61 18:26 <sipa> No, only the blocks.
62 18:26 <sipa> We don't want to forget about old blocks, just their contents is forgotten.
63 18:27 <b10c> There are flags in the index that indicate if we HAVE_BLOCK_DATA and HAVE_UNDO_DATA
64 18:27 <b10c> I guess they are set to false when we prune?
65 18:28 <sipa> Yeah, I believe so.
66 18:28 <b10c> What is the variable nBuffer in BlockManager:FindFilesToPrune() being used for? How large is the buffer (in MB)?
67 18:29 <sipa> In the very first commit that added undo files they were called "<HEIGHT>.und", actually: 8adf48dc9b45816793c7b98e2f4fa625c2e09f2c.
68 18:29 <michaelfolkson> I think of blocks as transactions (rather than UTXO diffs) and deleting transactions but this is deleting from a UTXO database right? Effectively spent txo
69 18:29 <sipa> No, pruning is unrelated to the UTXO set.
70 18:30 <scavr> the nBuffer and the current disk usage are summed up when checking if the prune target has been reached
71 18:30 <sipa> The UTXO set is already UTXO: it only contains spent outputs already.
72 18:30 <sipa> unspent, sorry
73 18:31 <b10c> another acronym worth mentioning: UTXO = unspend transaction output
74 18:31 <sipa> Pruning is literally deleting the block files (blk*.dat) and undo files (rev*.dat) from disk, nothing more. It does not touch the UTXO set, and doesn't delete anything from any database.
75 18:31 <michaelfolkson> Ok thanks
76 18:31 <sipa> (apart from marking the pruned blocks as pruned in the database).
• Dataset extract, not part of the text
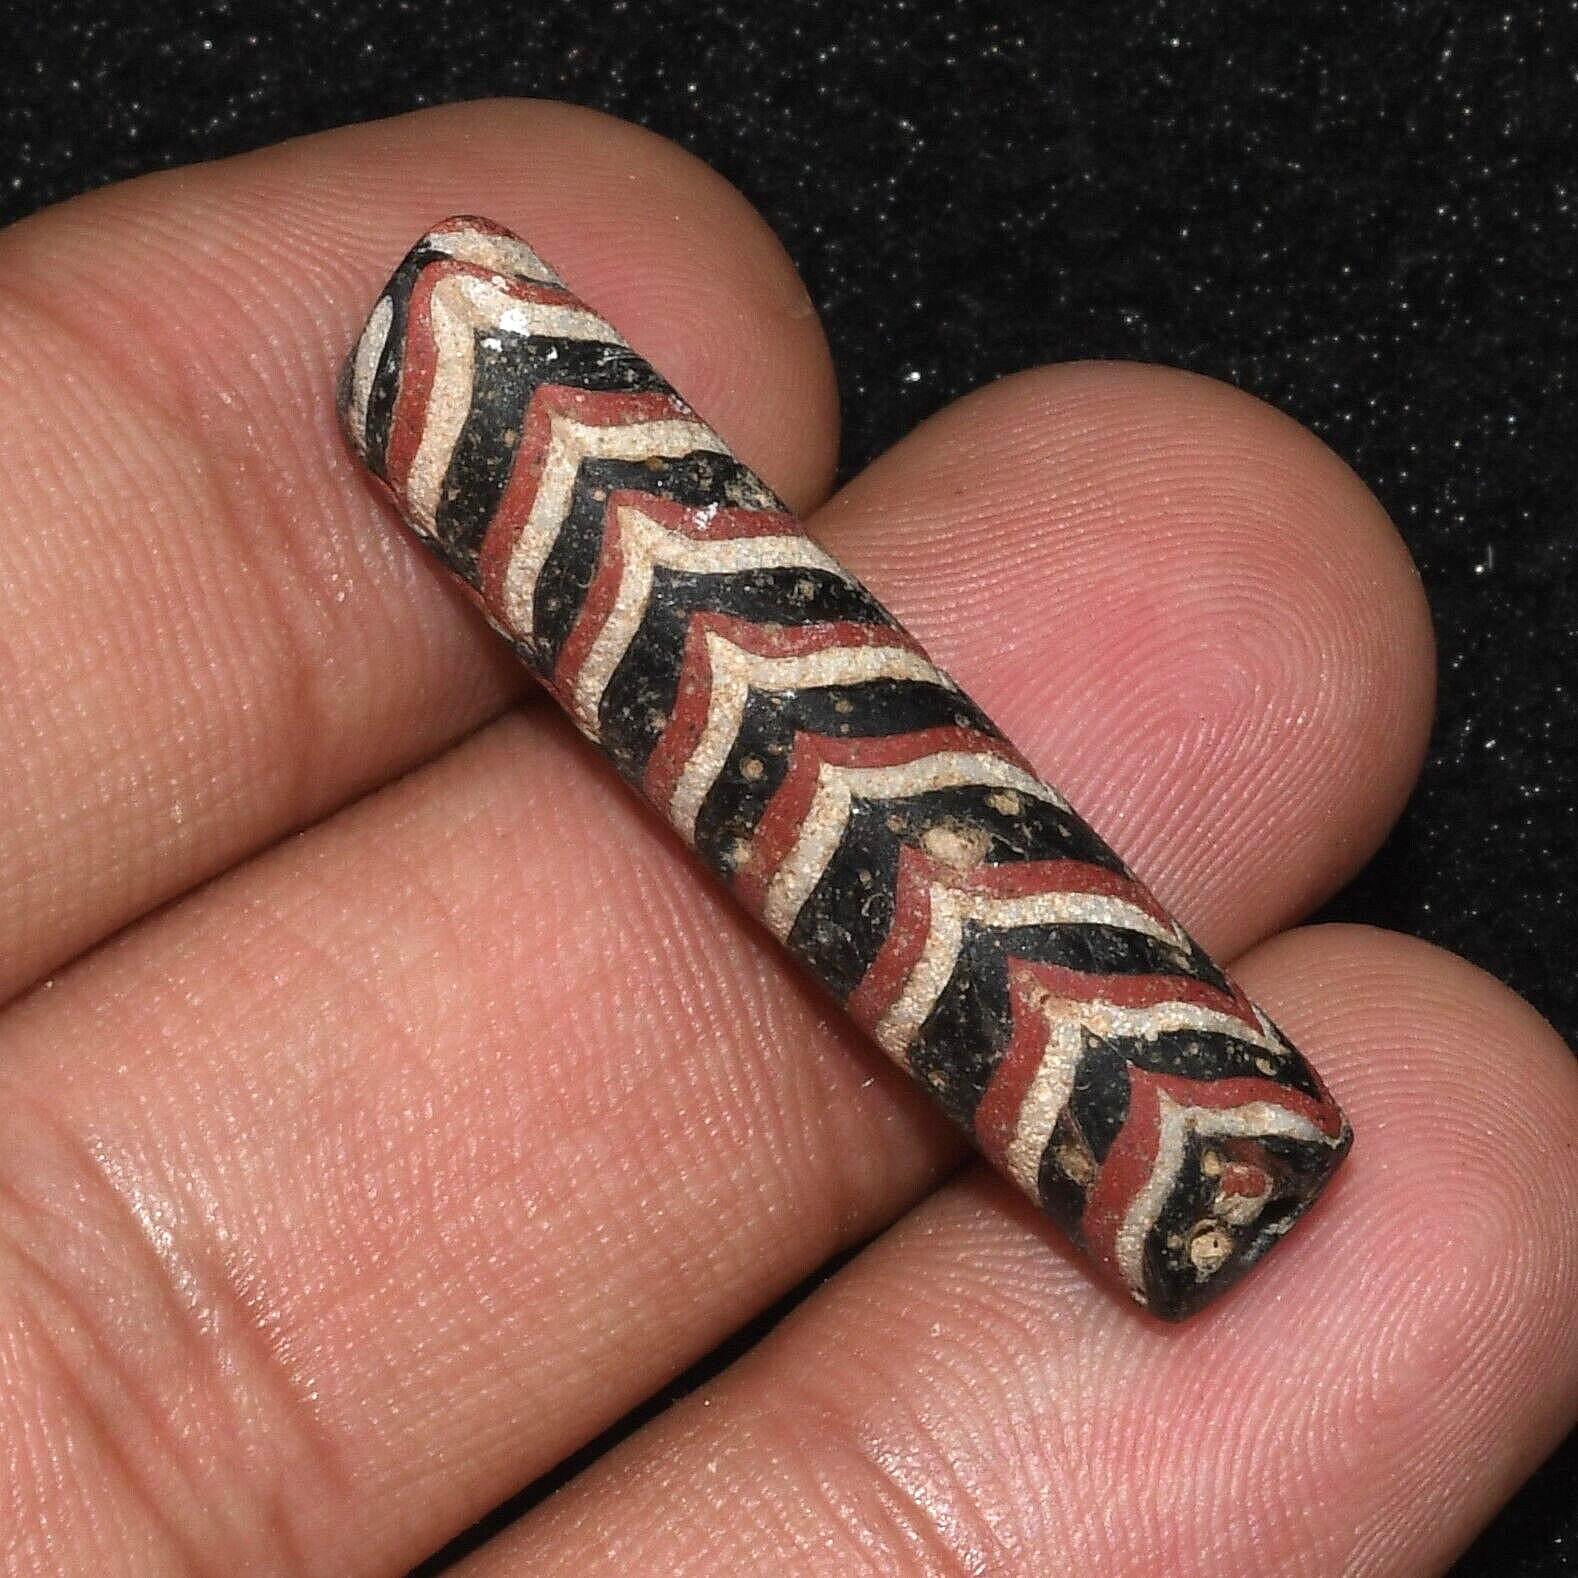 Genuine Ancient Mosaic Gabri Glass Bead with Multiple Stripes in Good Condition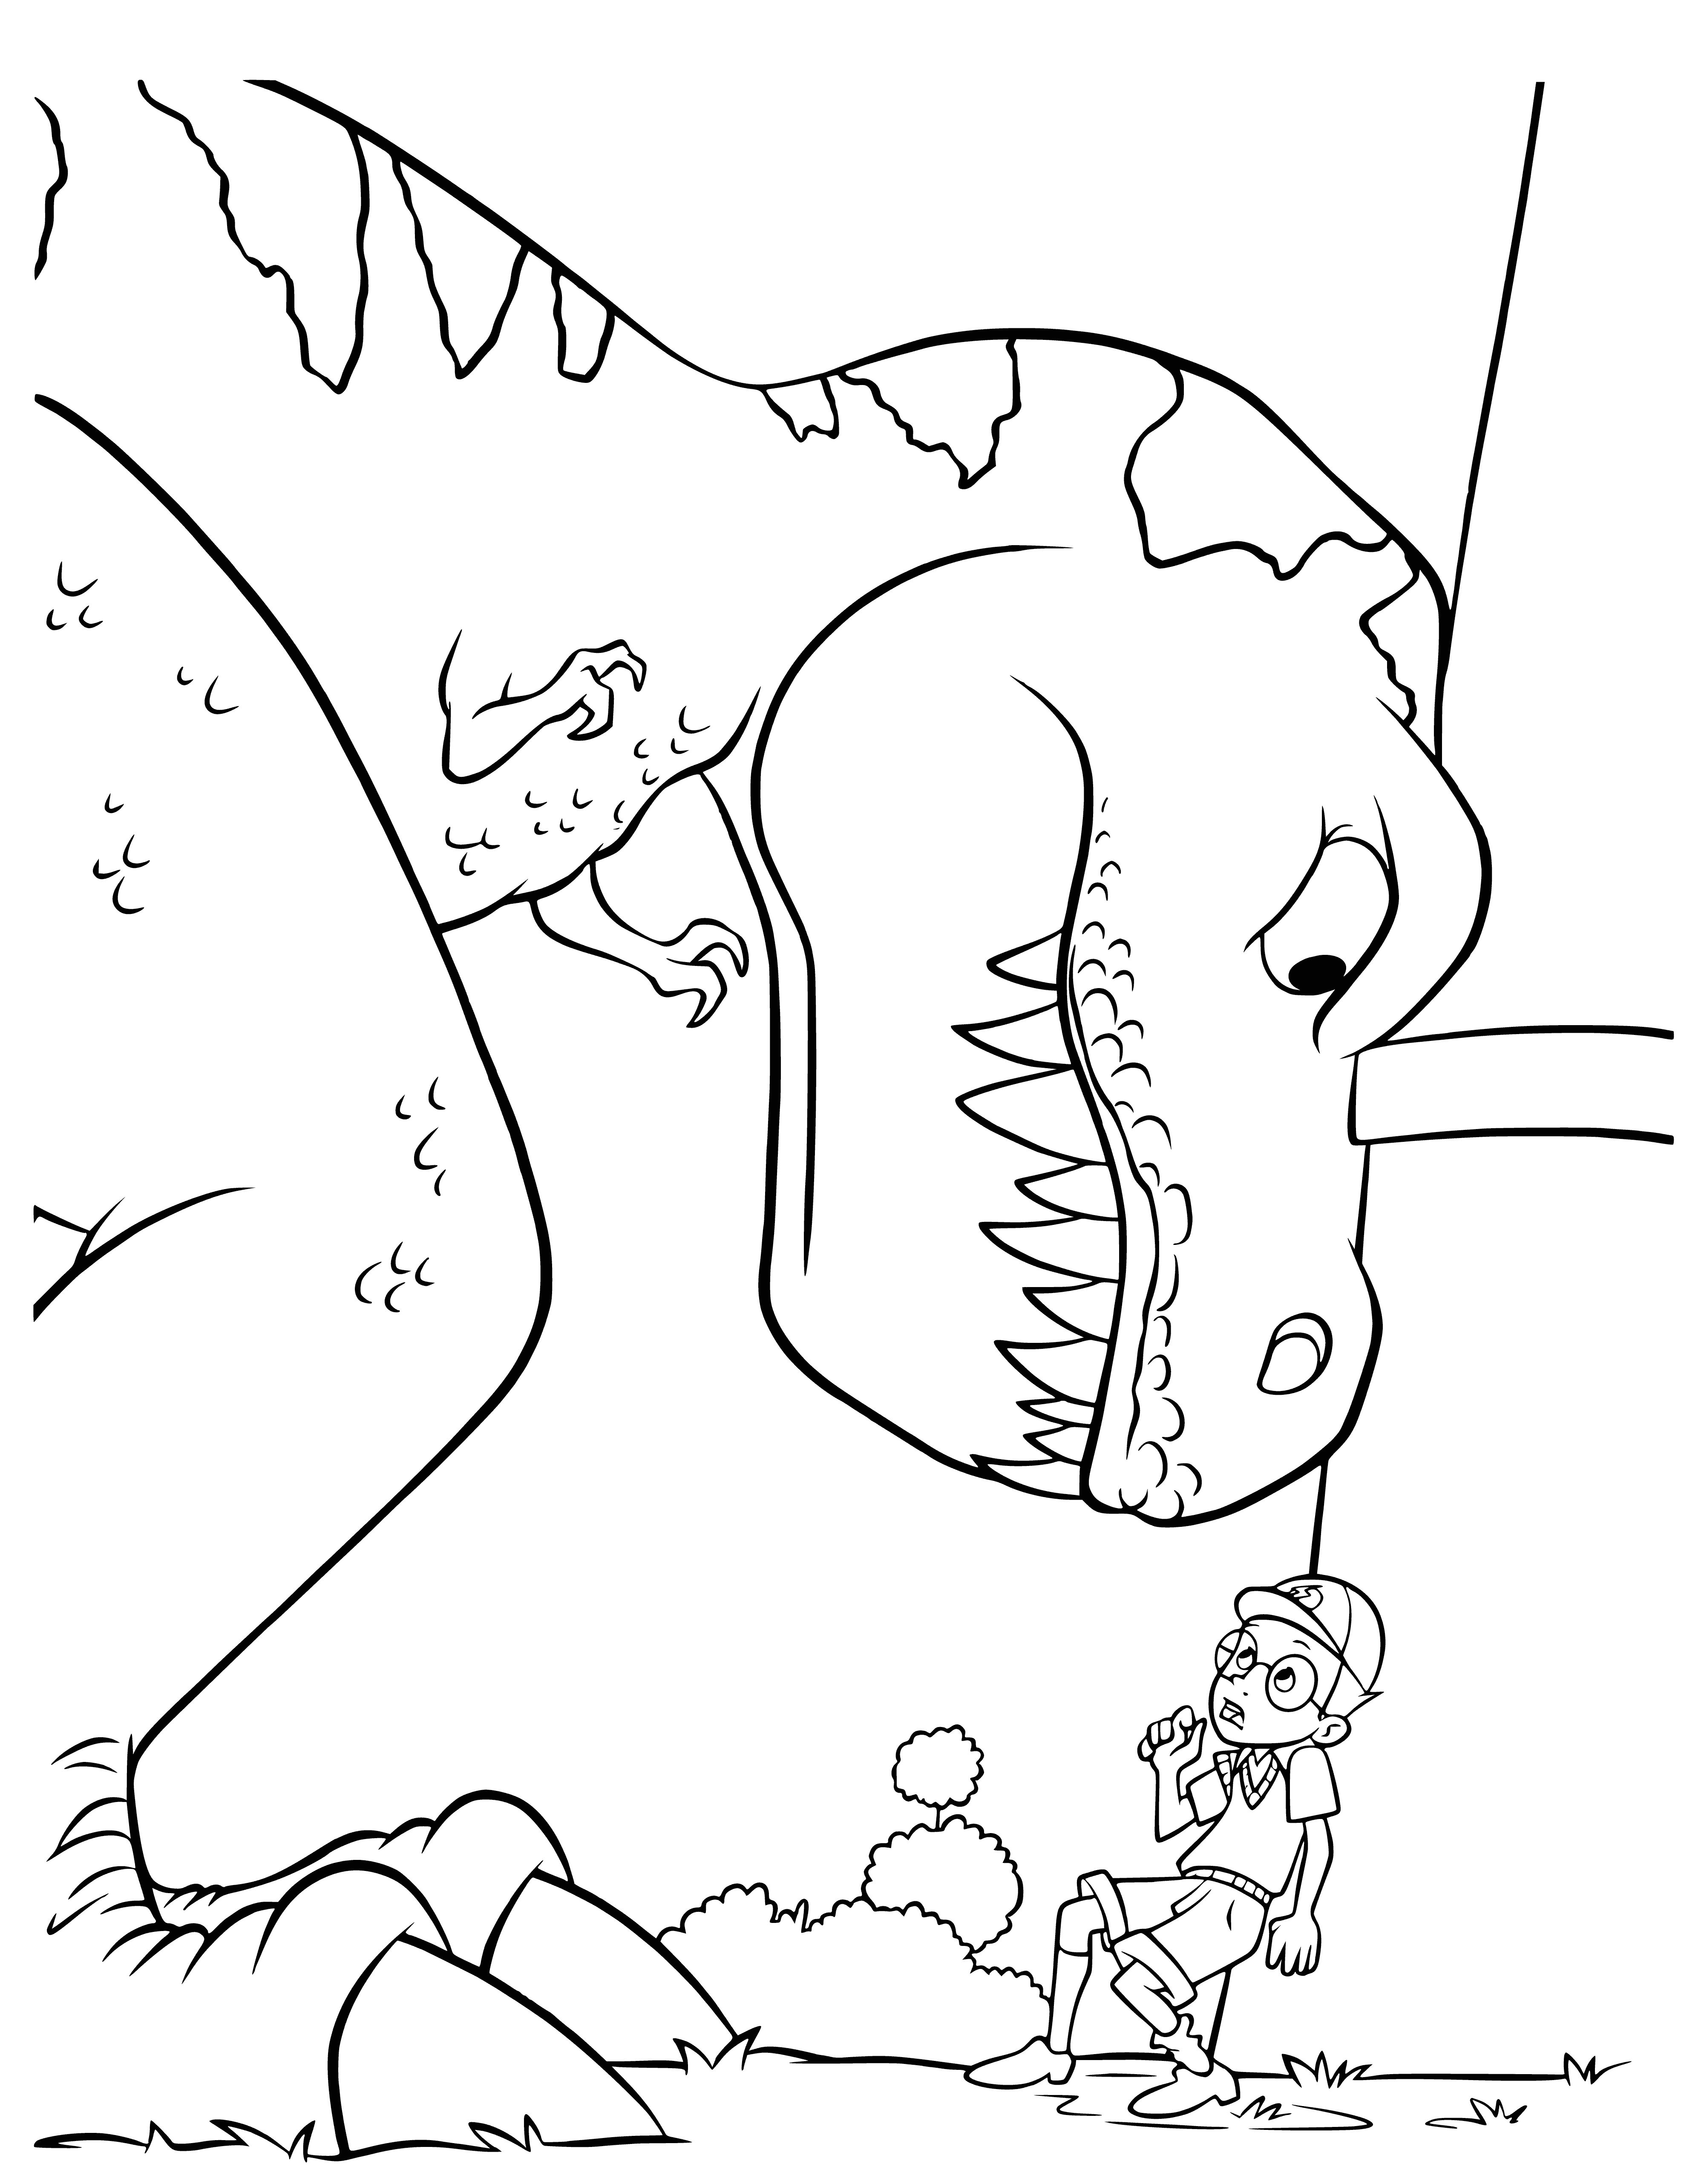 coloring page: Large green dinosaur: long neck, small head, scales, long tail, two legs, short stubby arms.

77 18:31 <b10c> scavr: do you know how big the buffer is?
78 18:32 <scavr> it starts as 17 MB (16MB block chunk size + 1 MB undo chunk size)
79 18:34 <b10c> correct! we pre-allocate the files in chunks so we want to keep this as a buffer
80 18:35 <scavr> when in IBD we add 10% of the prune target to the buffer
81 18:35 <scavr> so 17MB + 55MB = 72MB?
82 18:35 <scavr> with a prune target of 550MB
83 18:36 <michaelfolkson> 550 being the minimum
84 18:36 <scavr> this is similar to PR 20827 also an optimization, right?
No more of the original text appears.